SOURCE DATA =>
━━━━━━
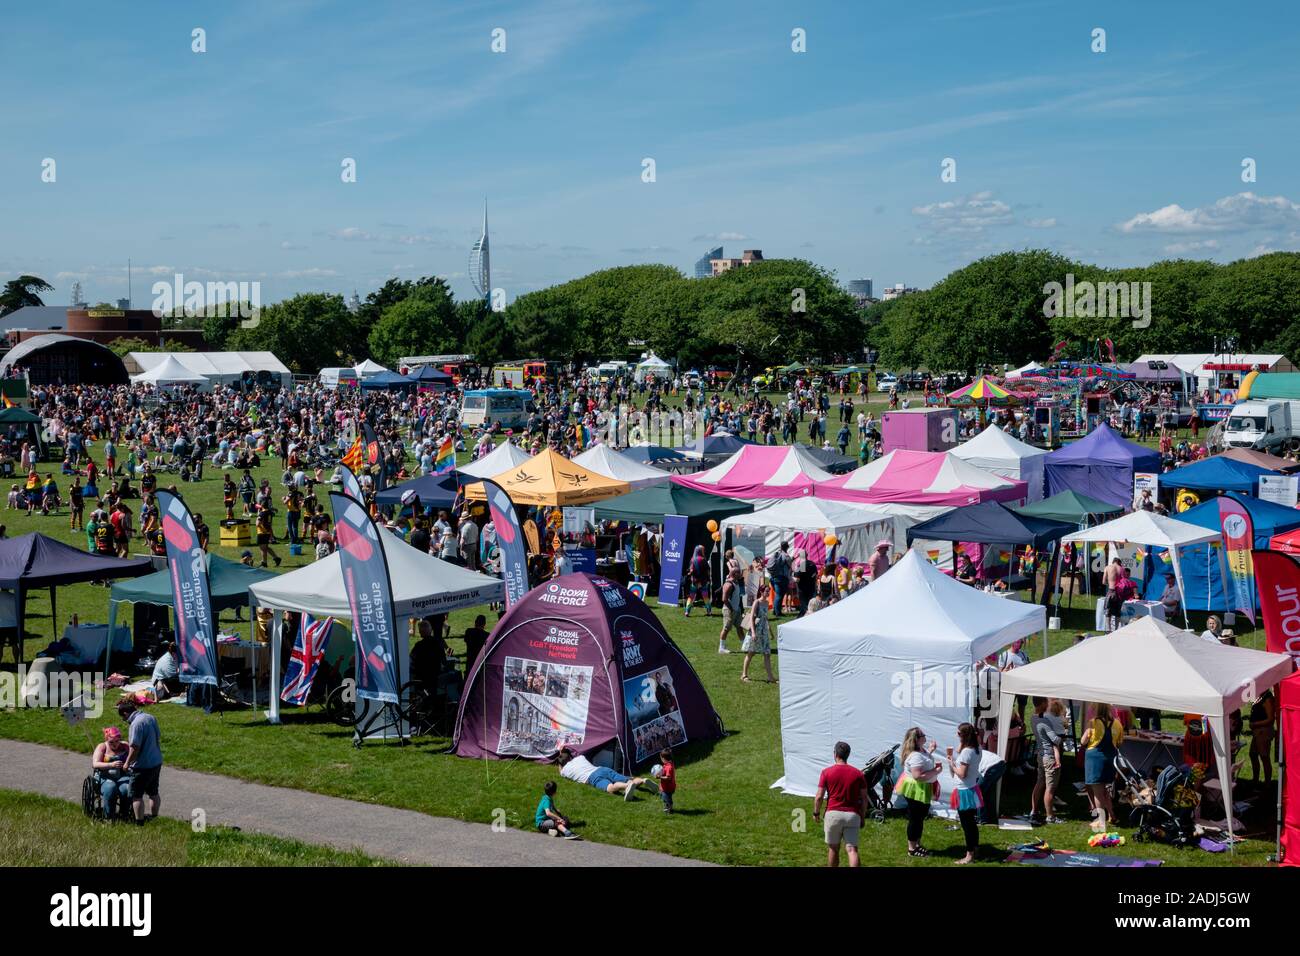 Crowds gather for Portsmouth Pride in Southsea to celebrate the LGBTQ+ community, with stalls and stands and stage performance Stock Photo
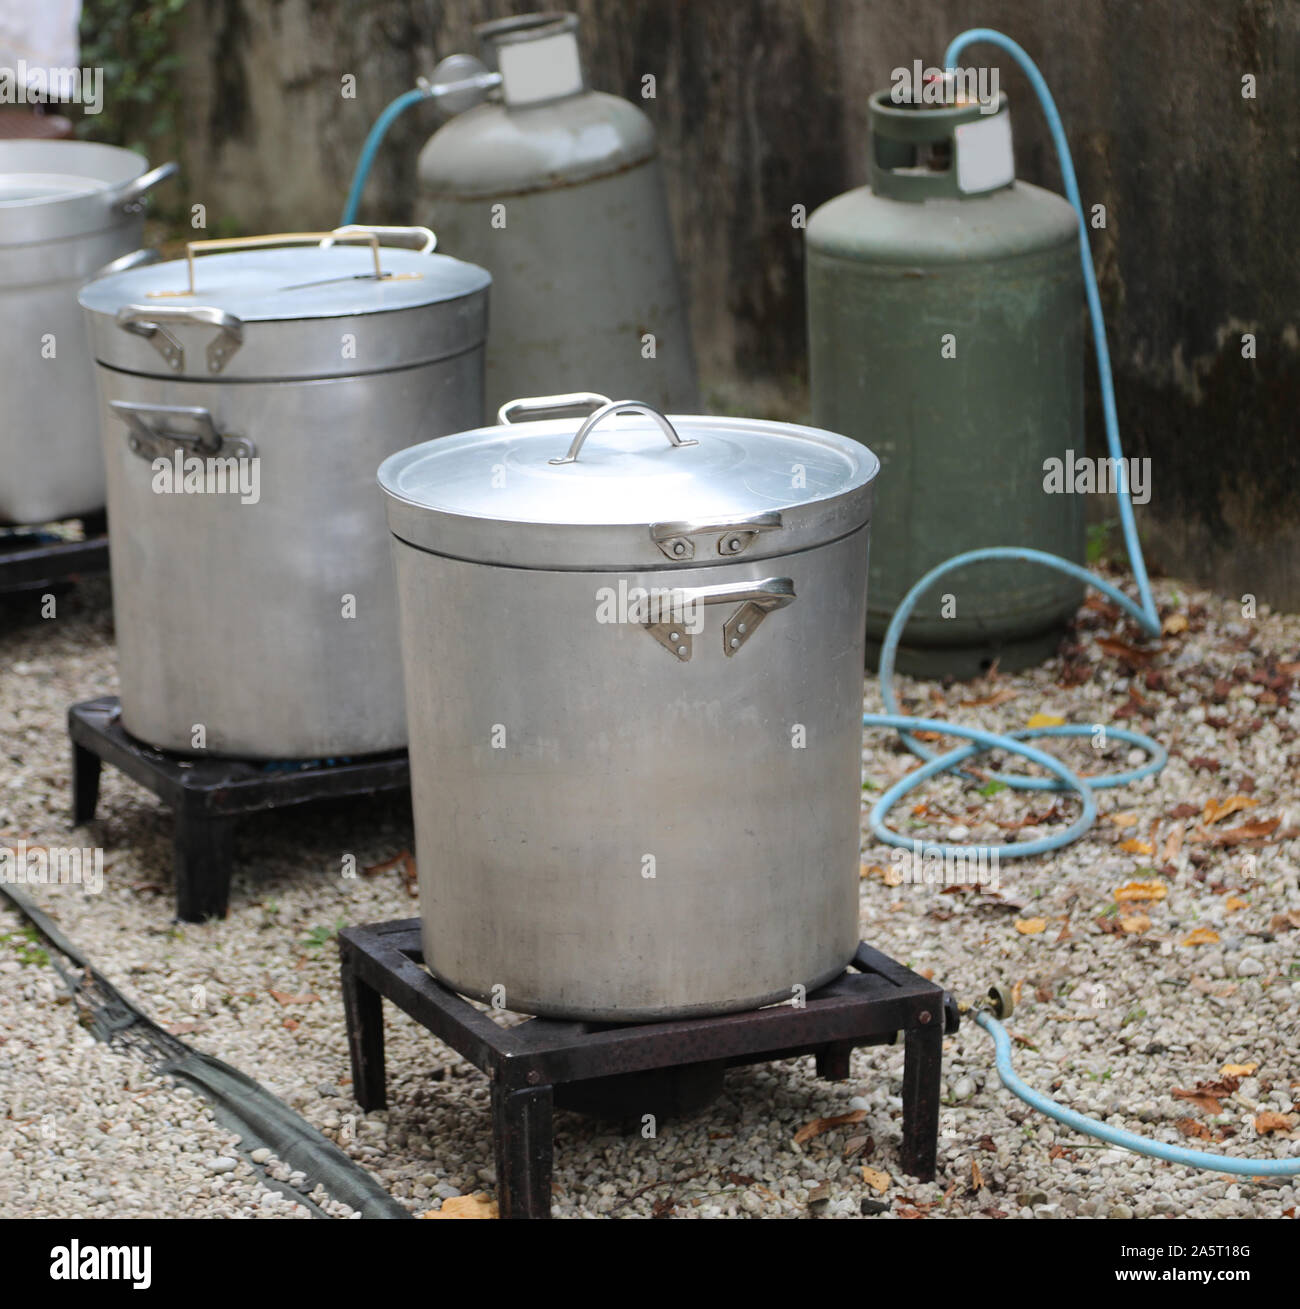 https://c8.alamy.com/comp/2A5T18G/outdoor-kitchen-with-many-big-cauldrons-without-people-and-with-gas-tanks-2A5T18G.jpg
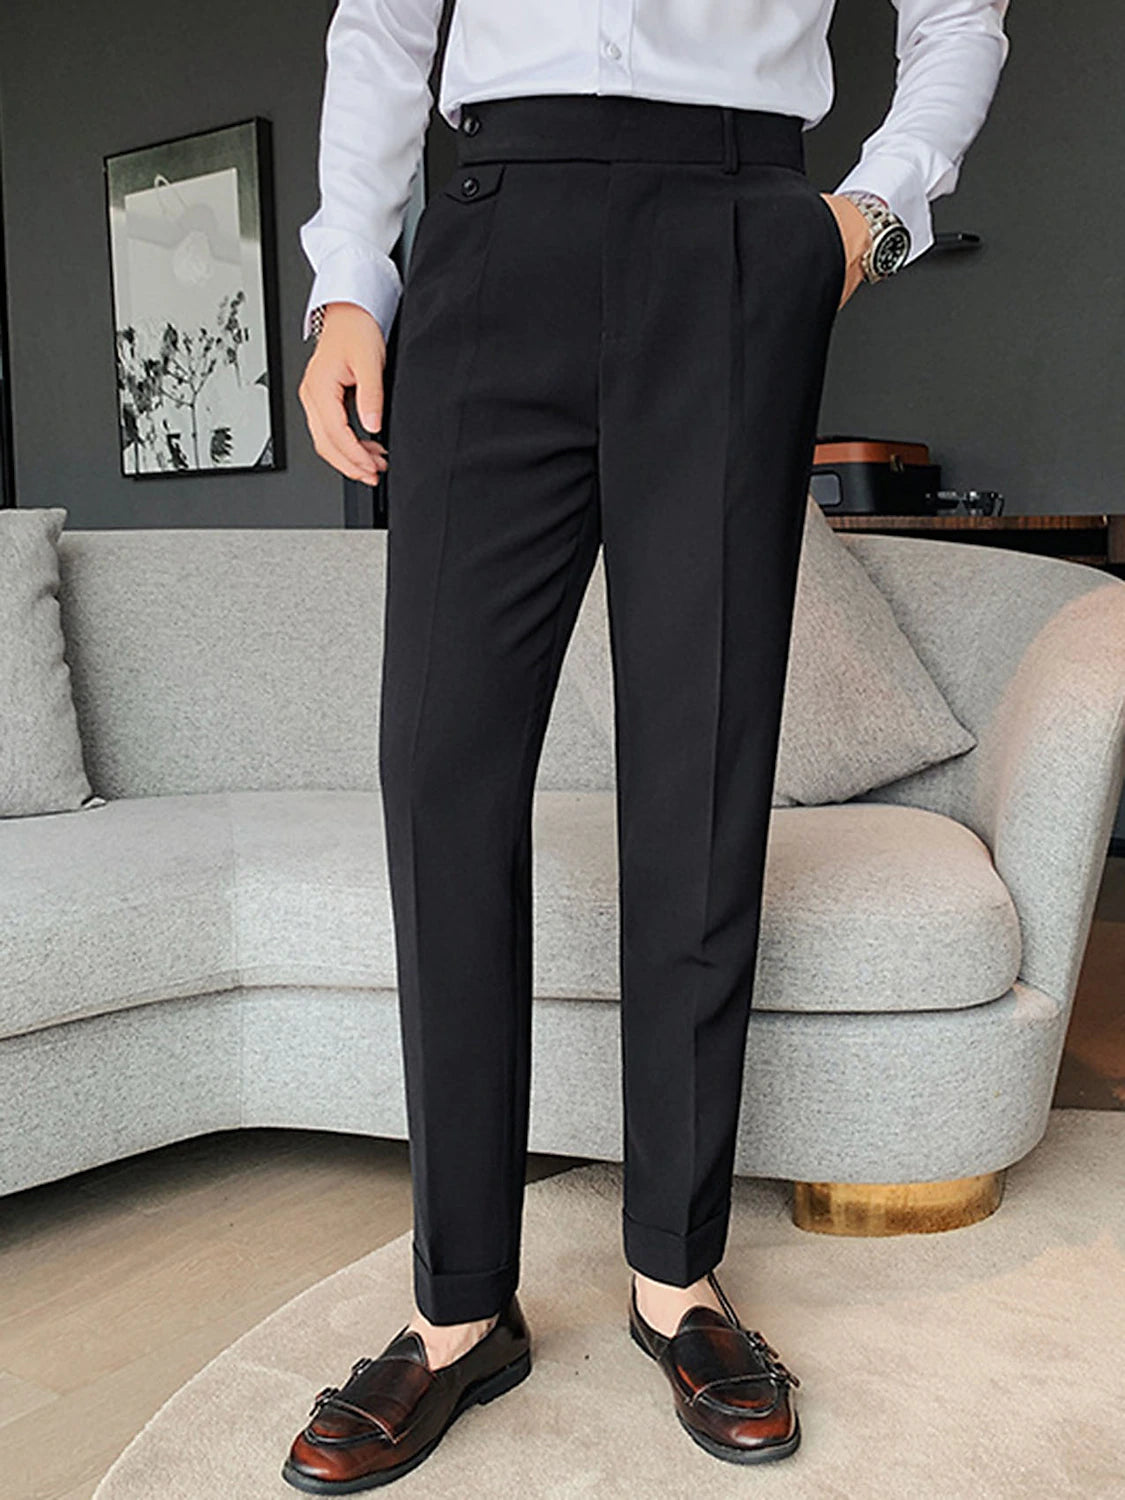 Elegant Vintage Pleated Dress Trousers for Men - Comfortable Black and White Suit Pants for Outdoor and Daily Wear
━━━━━━
YOUR GOAL => Pictures stay out; print everything else in the data exactly.

YOUR RESPONSE =>
 Crowds gather for Portsmouth Pride in Southsea to celebrate the LGBTQ+ community, with stalls and stands and stage performance Stock Photo
 https://c8.alamy.com/comp/2A5T18G/outdoor-kitchen-with-many-big-cauldrons-without-people-and-with-gas-tanks-2A5T18G.jpg
 Elegant Vintage Pleated Dress Trousers for Men - Comfortable Black and White Suit Pants for Outdoor and Daily Wear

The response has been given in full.